A simple merge on a 0.5 or 50% overlap threshold will correctly give:

|-----|-----|-----|-----| chrZ
[--     AB      --)
[--        ABC        --)
      [--      BC     --)

In this worst-case scenario, the middle element from the result set (ABC) is calculated because B overlaps both A and C by 50%, and so a merge gives ABC.

It sounds like what you really want is something that looks like this:

|-----|-----|-----|-----| chrZ
[--     AB      --)
      [--     BC      --)

In other words, you want to remove any merge results from the set {AB, ABC, BC} which contain a nested element from the set of {A, B, C}. (Or, the larger set of merges for more than three elements, where there are full or partial pairwise 50% overlaps, more generally.)

A nested element is one for which its start and stop coordinates fall within the bounds of its parent interval.

A merge element result that contains a nested element is one generated from a use case where one of the elements contributing to that merge result does not meet your threshold over all pairwise comparisons. I think this property can be exploited.

In the above worst-case scenario, merge result ABC contains the nested element B, where both the start and stop coordinates of B fall within the start and stop coordinates of ABC.

You could use awk to strip out such results from a bedmap call, by using awk to test the start and end coordinates of each input coordinate from in.bed against the merged range result that comes out of --echo-map-range:

$ bedmap --fraction-map 0.5 --echo-map-range --echo --delim '\t' in.bed | awk -vFS="\t" -vOFS="\t" '{ if (($2 == $5) || ($3 == $6)) { print $1, $2, $3 } }' | sort -u | sort-bed - > out.bed

Note that this also pipes results from bedmap and awk to sort -u, in order take care of duplicate --echo-map-range results (generated from other, more relaxed overlap situations) and there is a final pipe to sort-bed, in order to ensure generating a sorted BED file that is ready for further set operations.

I think this works, but I may be wrong by missing a use case. Please feel free to give it a go and post back sample data, if you believe it doesn't meet your needs.

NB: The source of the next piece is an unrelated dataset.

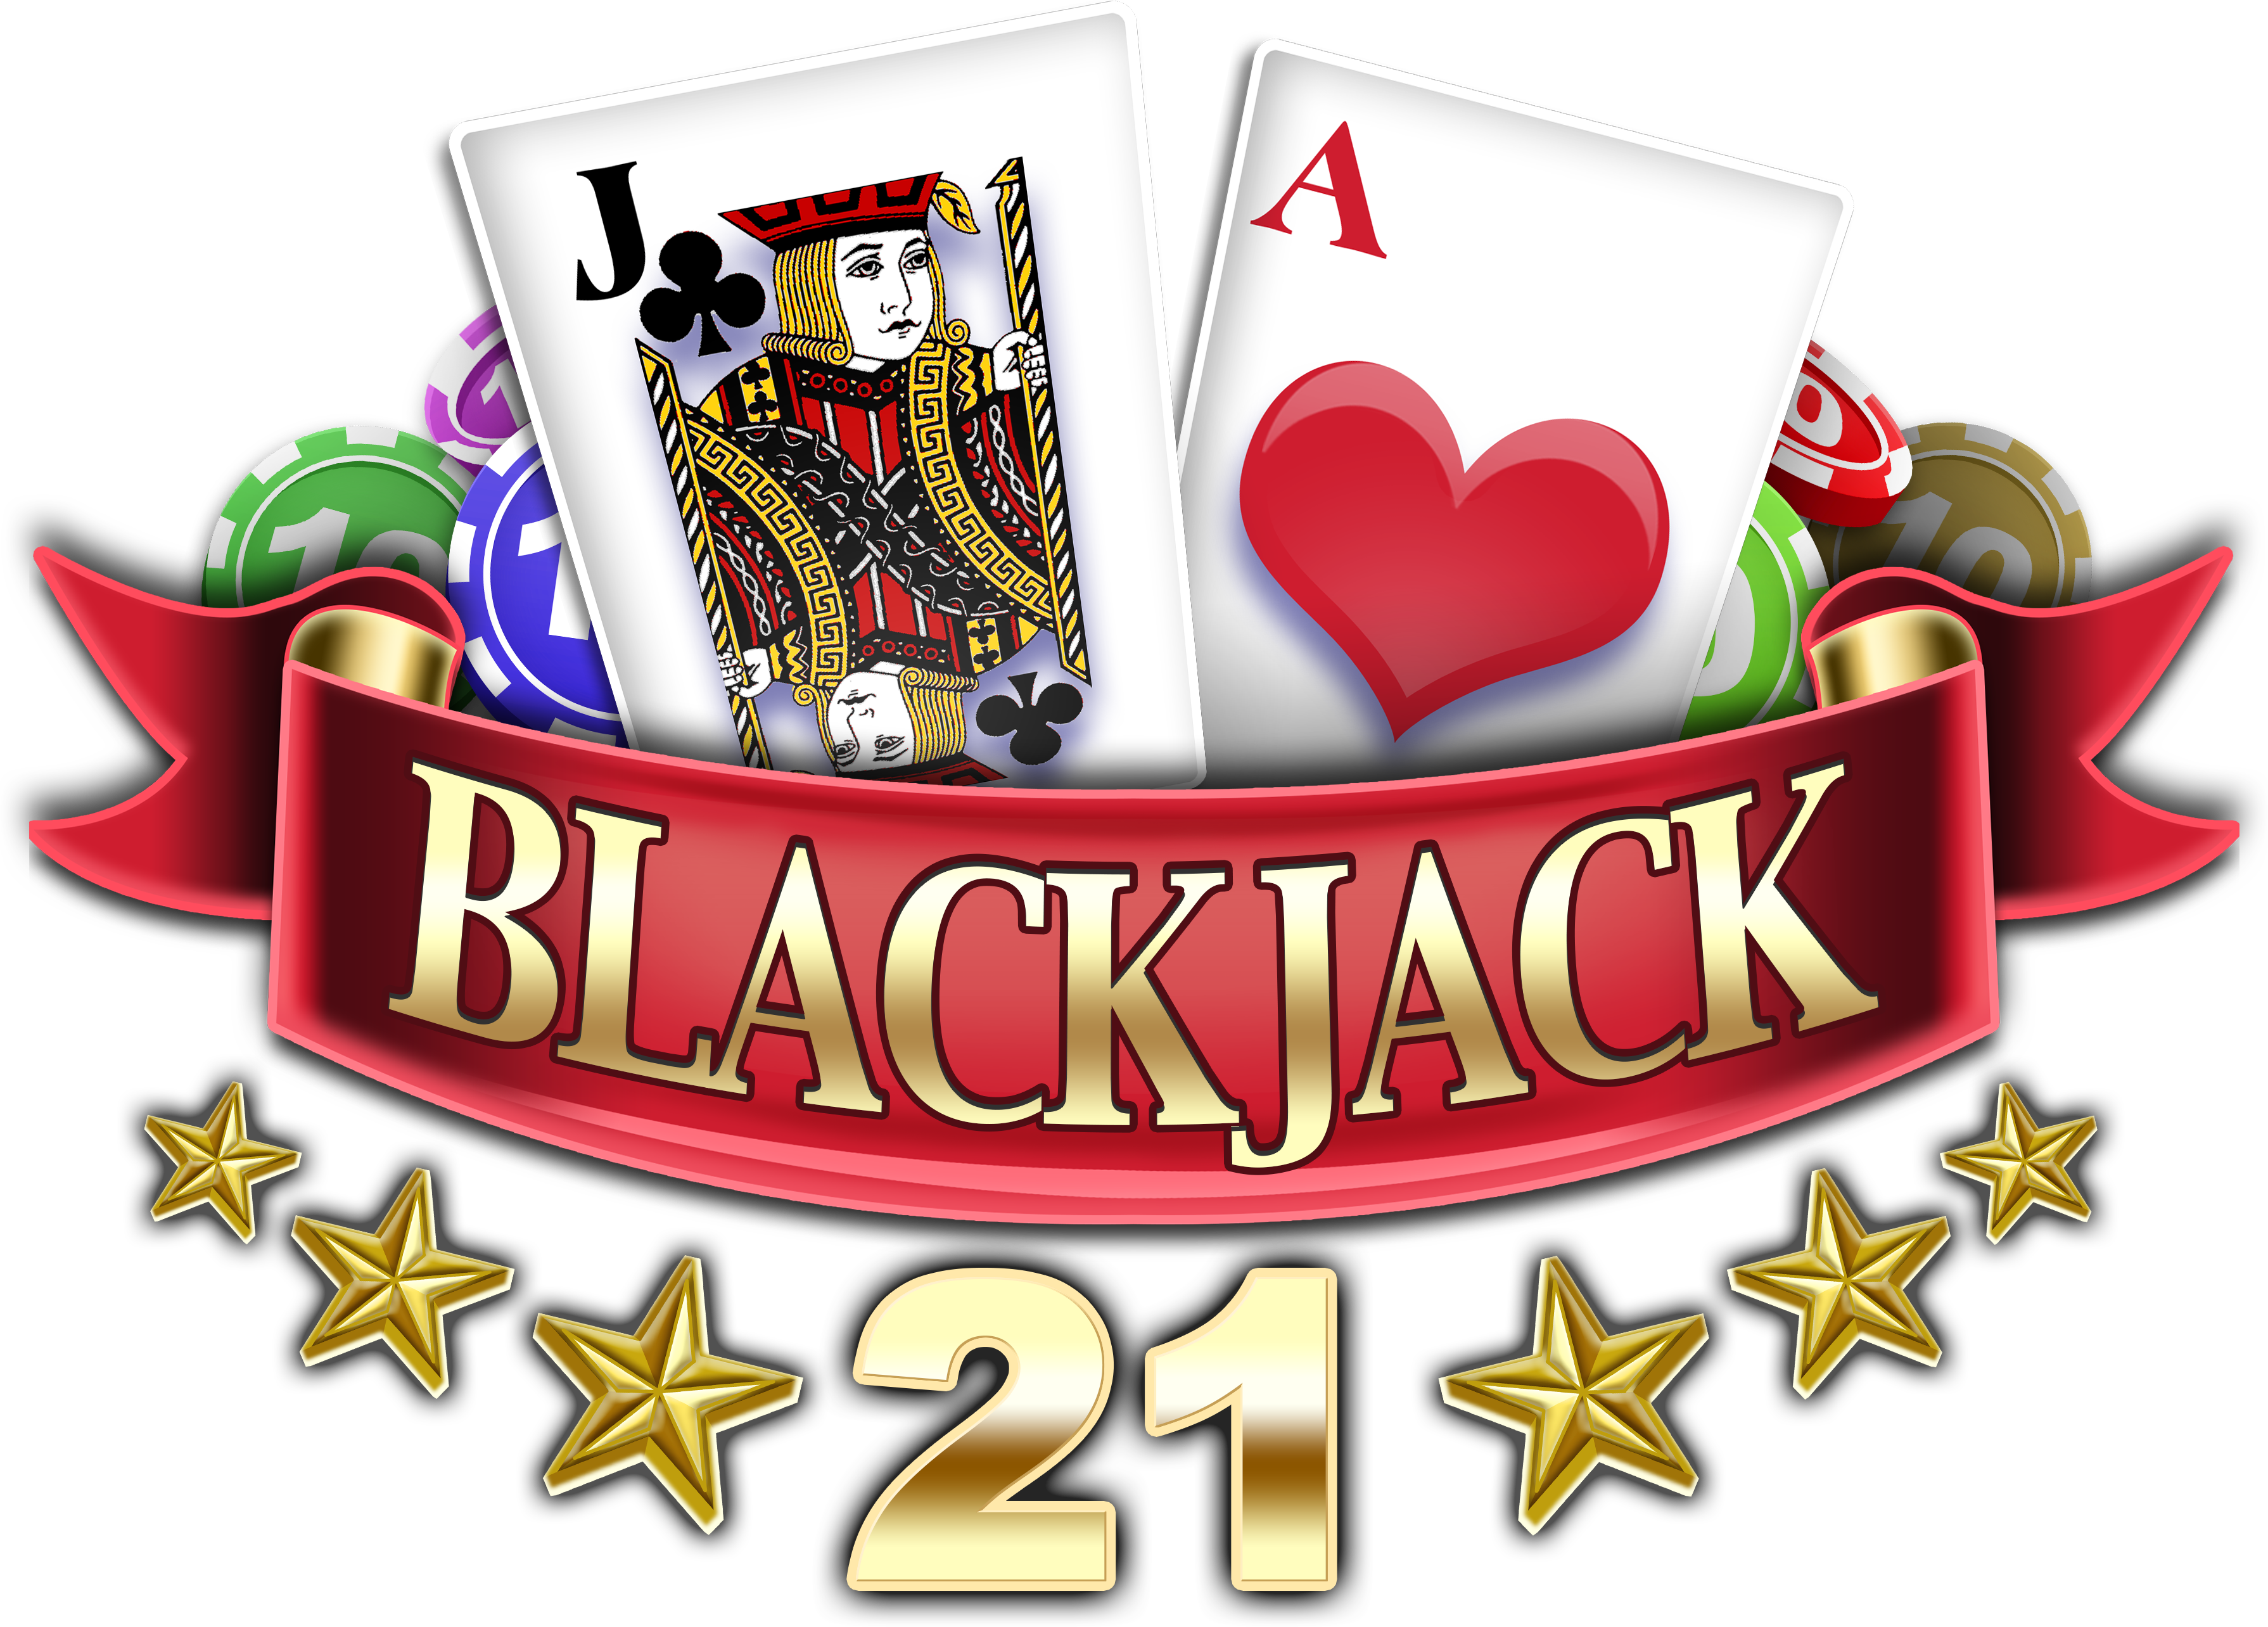 Blackjack 21 - Super Free Games

score 1 · Answer 2 · 2019-02-19

I think you can use bedtools intersect, with the -f (minimum fraction of overlap) or -r (reciprocal overlap) option. In the worse case you just can use bedtools intersect, ask to print the length of overlap and then remove all the instances in which the overlap is shorter than your threshold. Maybe some bedtools expert here can provide more details.

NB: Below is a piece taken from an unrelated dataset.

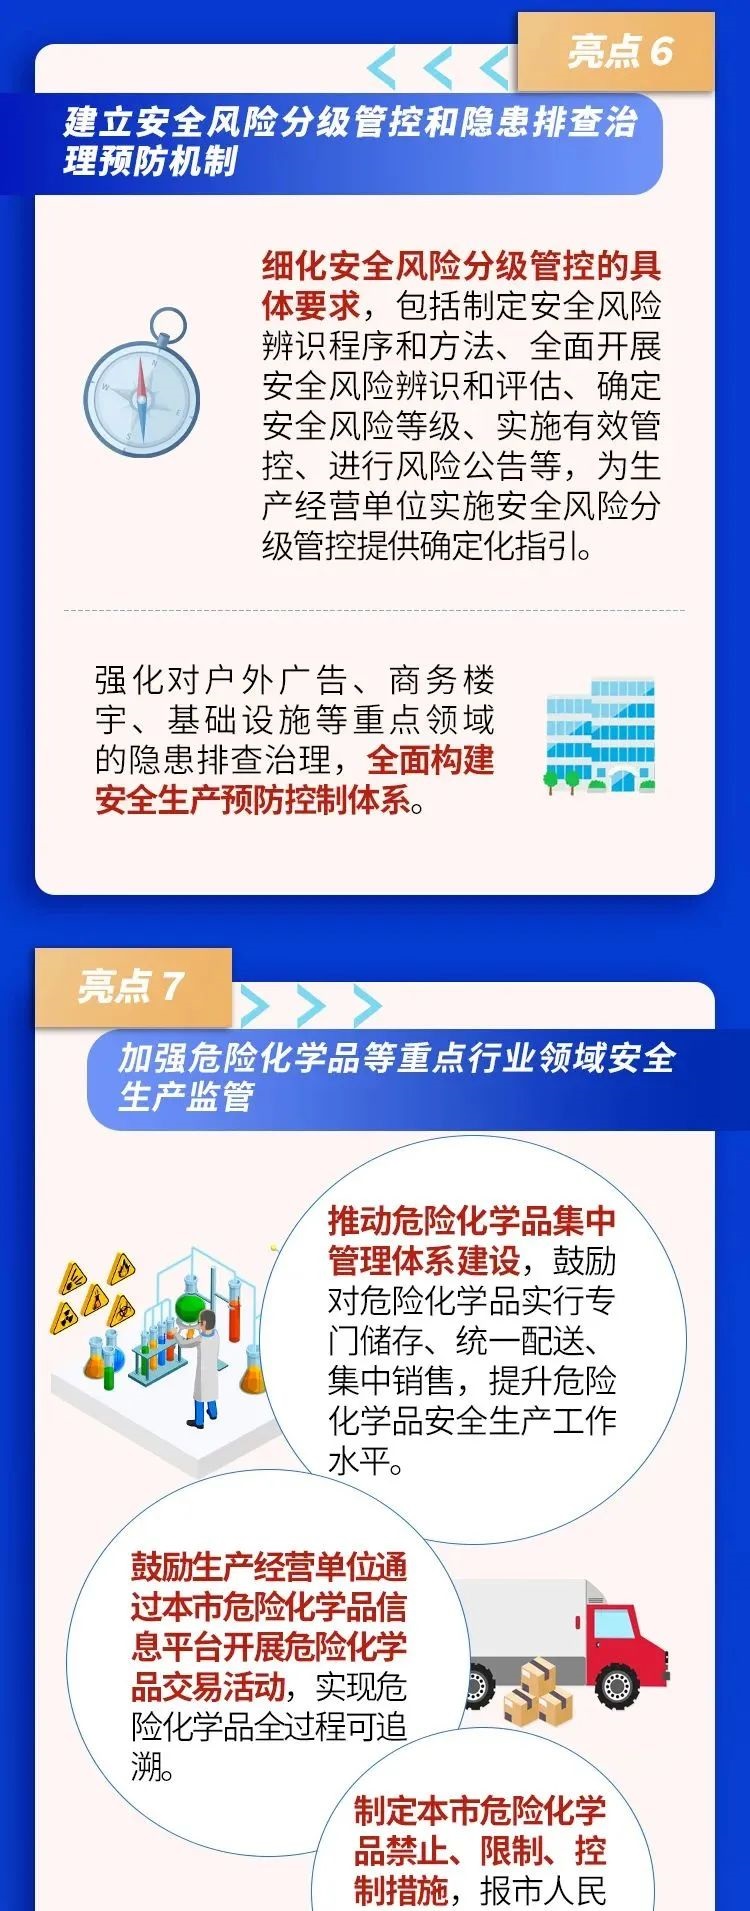 《北京市安全生产条例》10大亮点 6.jpg

score 1 · Answer 3 · 2019-02-19

Here's one way via BEDOPS bedmap.

Given test.bed:

$ cat test.bed
chr1    100 102
chr1    101 103
chr1    103 106
chr1    104 107
chr1    106 108

Say we are interested in only merging elements from test.bed which overlap by two or more bases.

We can use bedmap --bp-ovr <N> to specify that we want only those elements which overlap other elements by N or more bases, use --count to count how many such overlaps take place, filter for elements that overlap at least one other such element, and then pipe them to bedops --merge to merge them:

$ bedmap --count --echo --bp-ovr 2 --delim '\t' test.bed | awk '($1>1)' | cut -f2- | bedops --merge -
chr1    103 107

As you can see, this leaves out single-base overlap elements from the merge result.

In place of --bp-over <N>, you could use --fraction-map <F>, where F specifies fractional overlap as a value between 0 and 1.